Would you return the lines between the one holding "join a go team small.jpg" and the one holding "design energia fotowoltaika", inclusive, and only those, exactly as they stand in the listing below?

■ **DATASET RECORDS**:
○ ○ ○

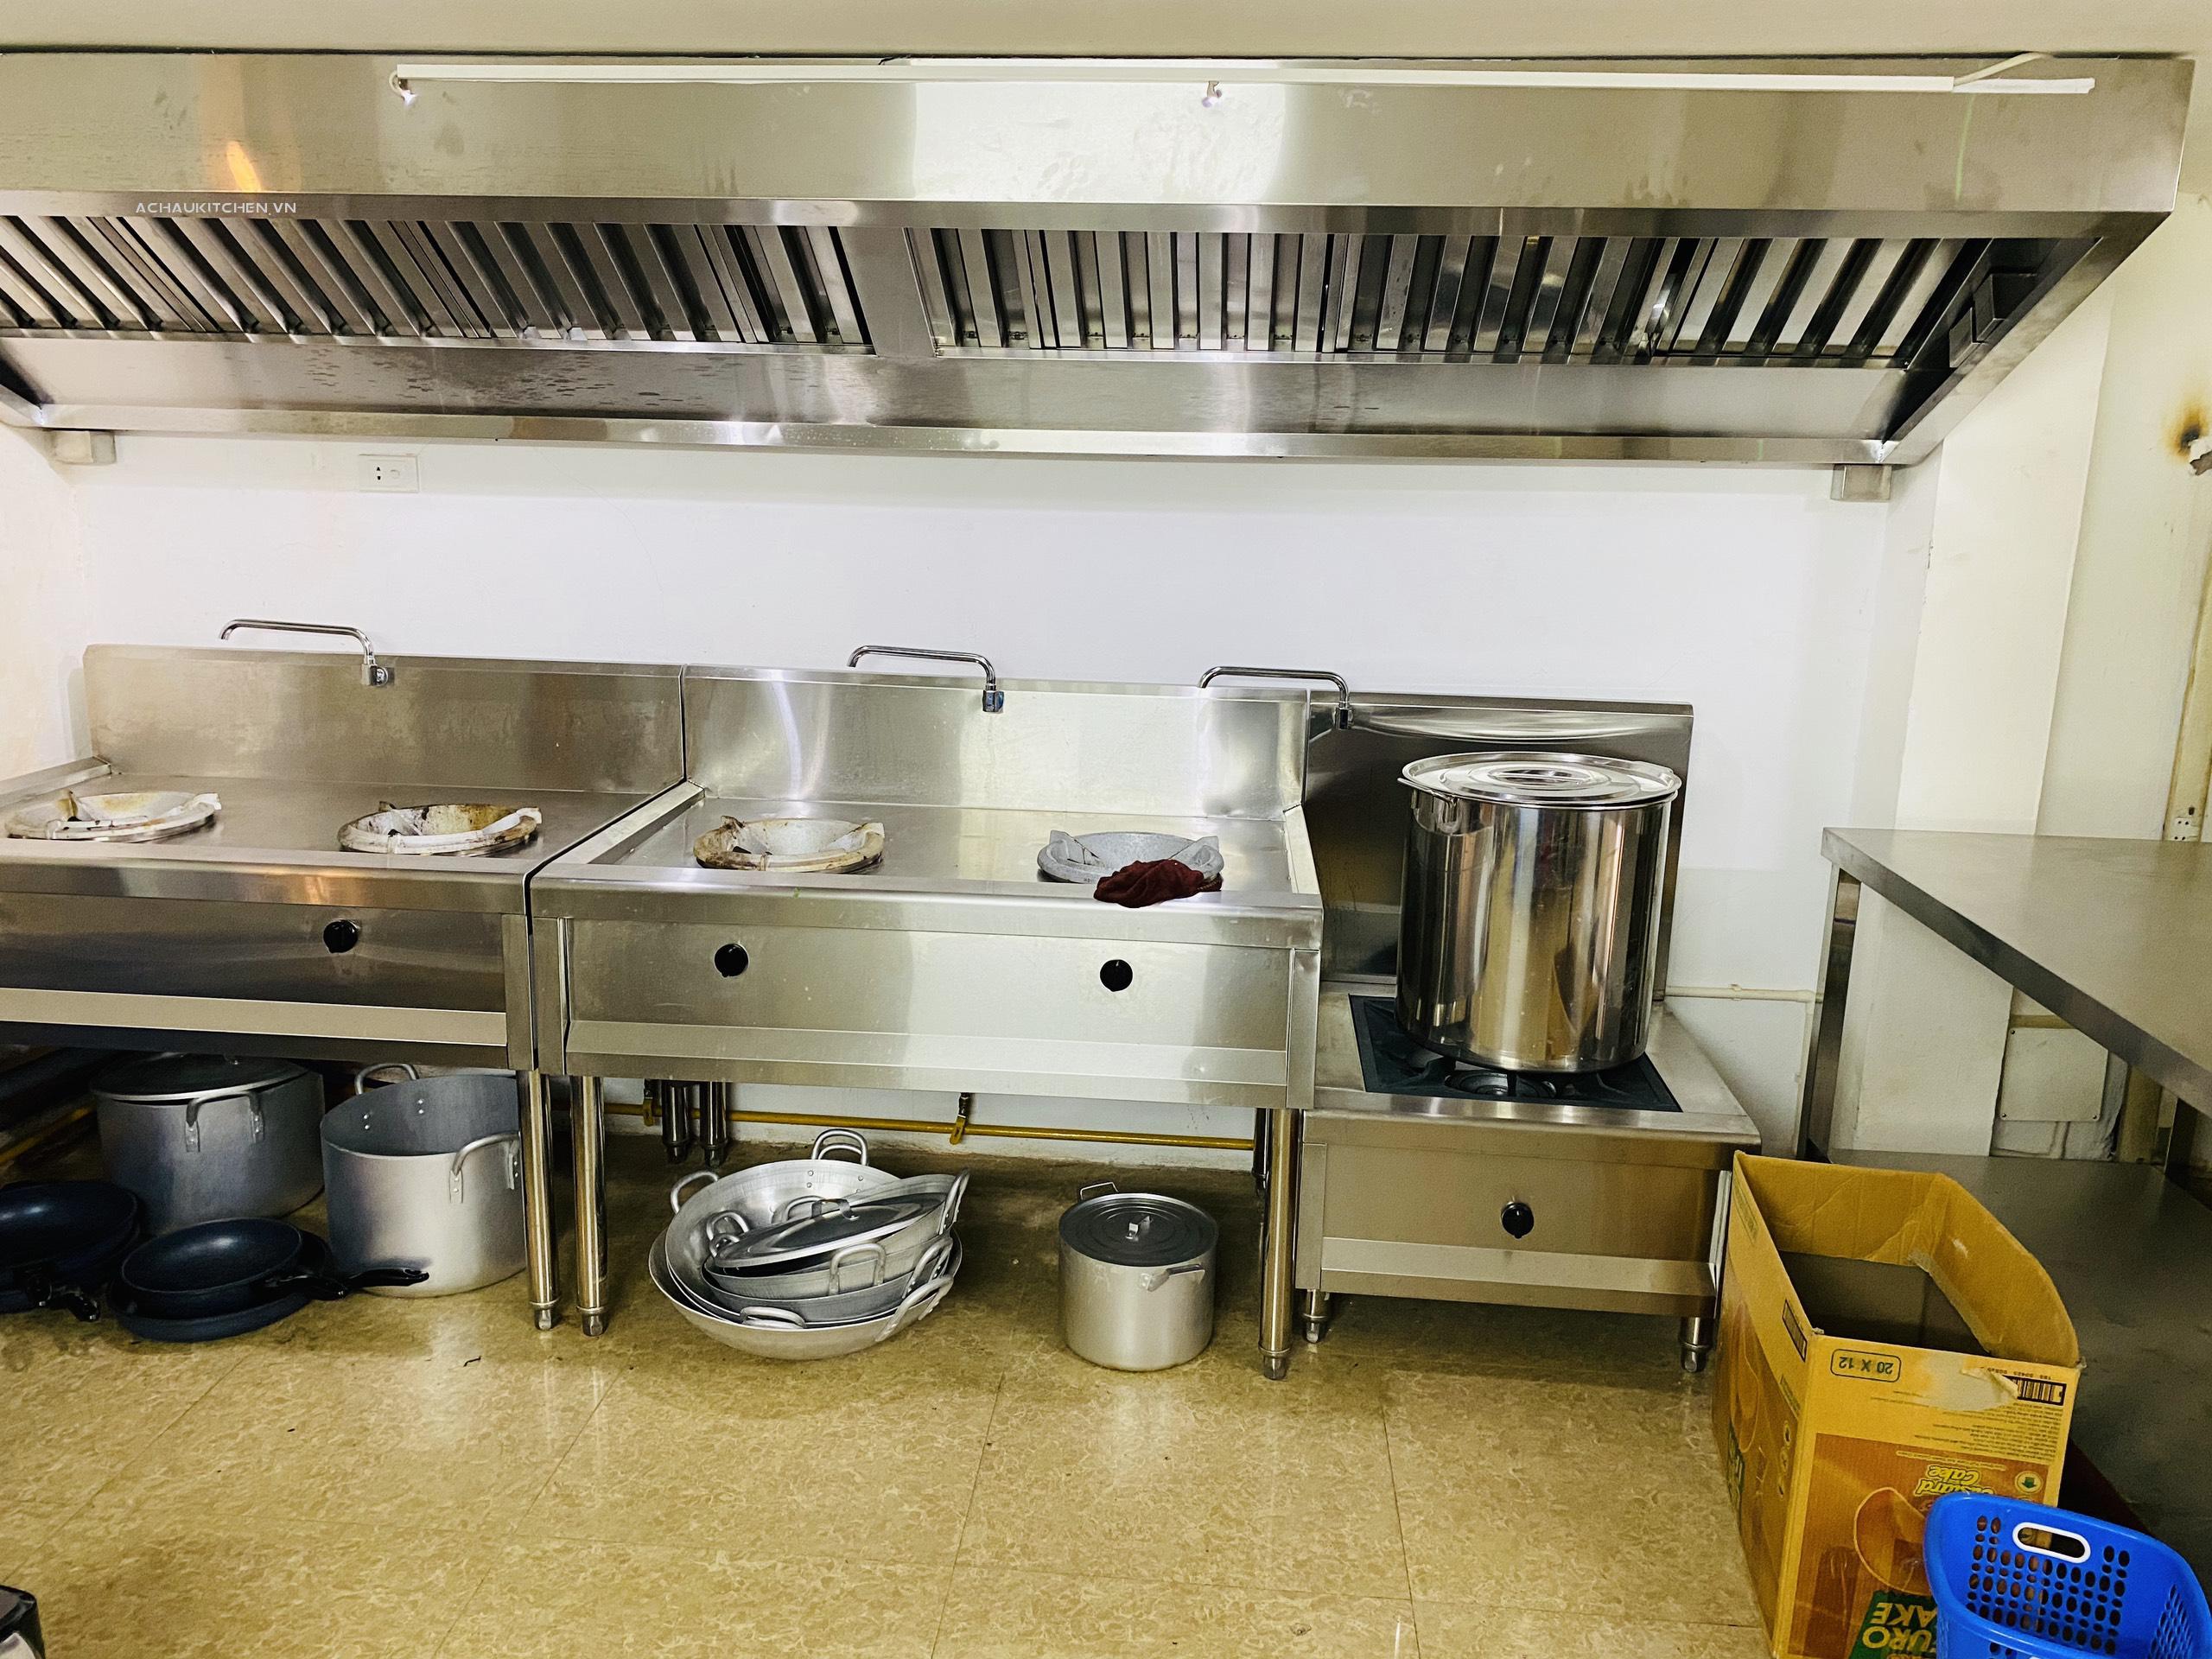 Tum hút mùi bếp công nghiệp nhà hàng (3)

○ ○ ○

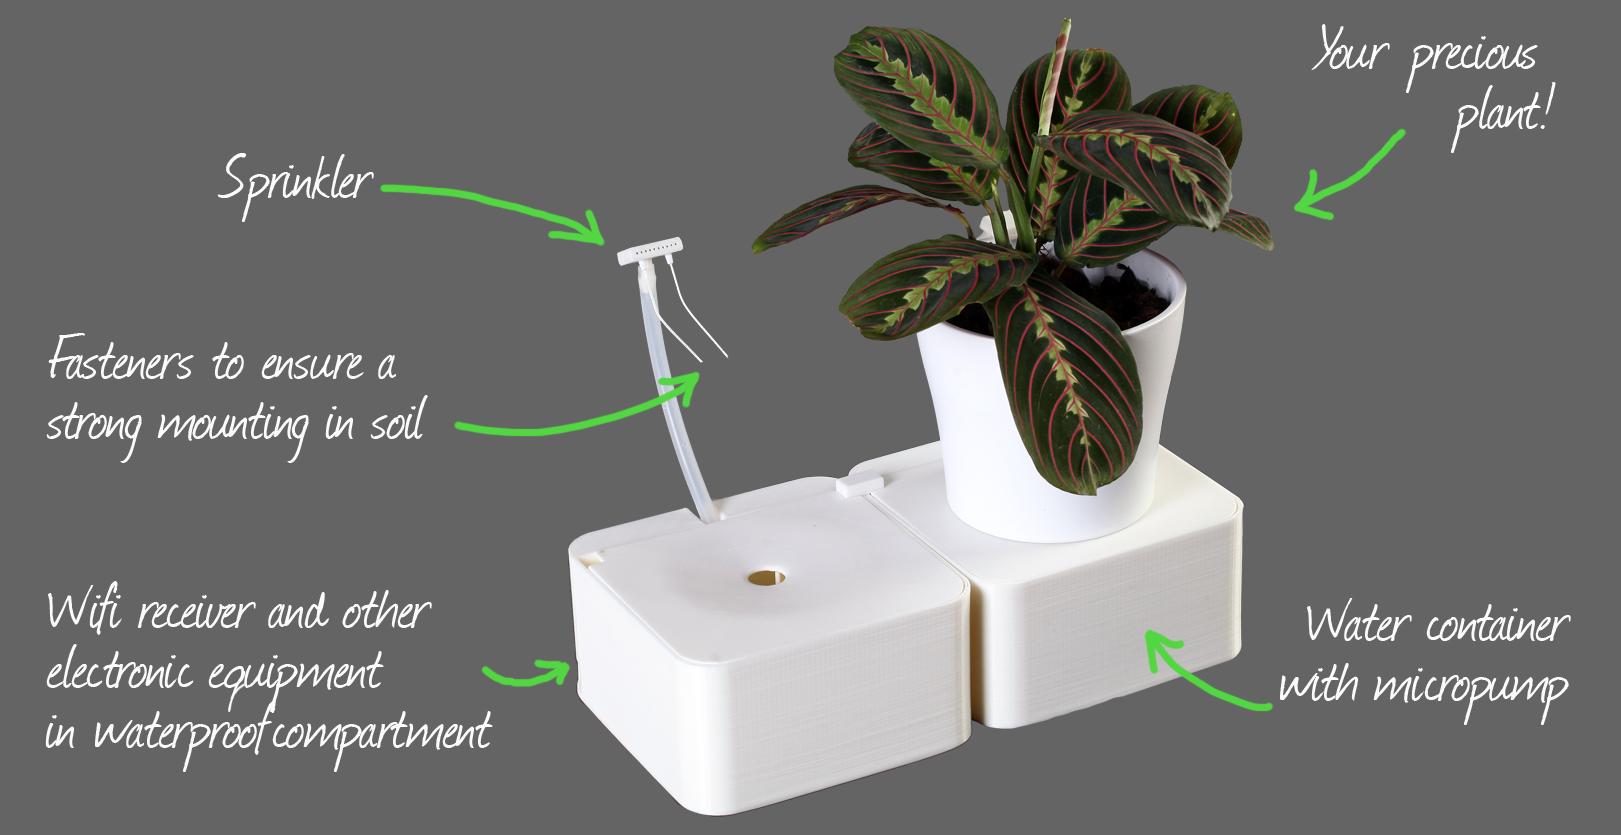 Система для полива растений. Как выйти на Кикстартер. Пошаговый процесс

○ ○ ○

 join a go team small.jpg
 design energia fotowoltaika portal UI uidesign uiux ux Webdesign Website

○ ○ ○

■ **RESPONSE BOX**:
 join a go team small.jpg
 design energia fotowoltaika portal UI uidesign uiux ux Webdesign Website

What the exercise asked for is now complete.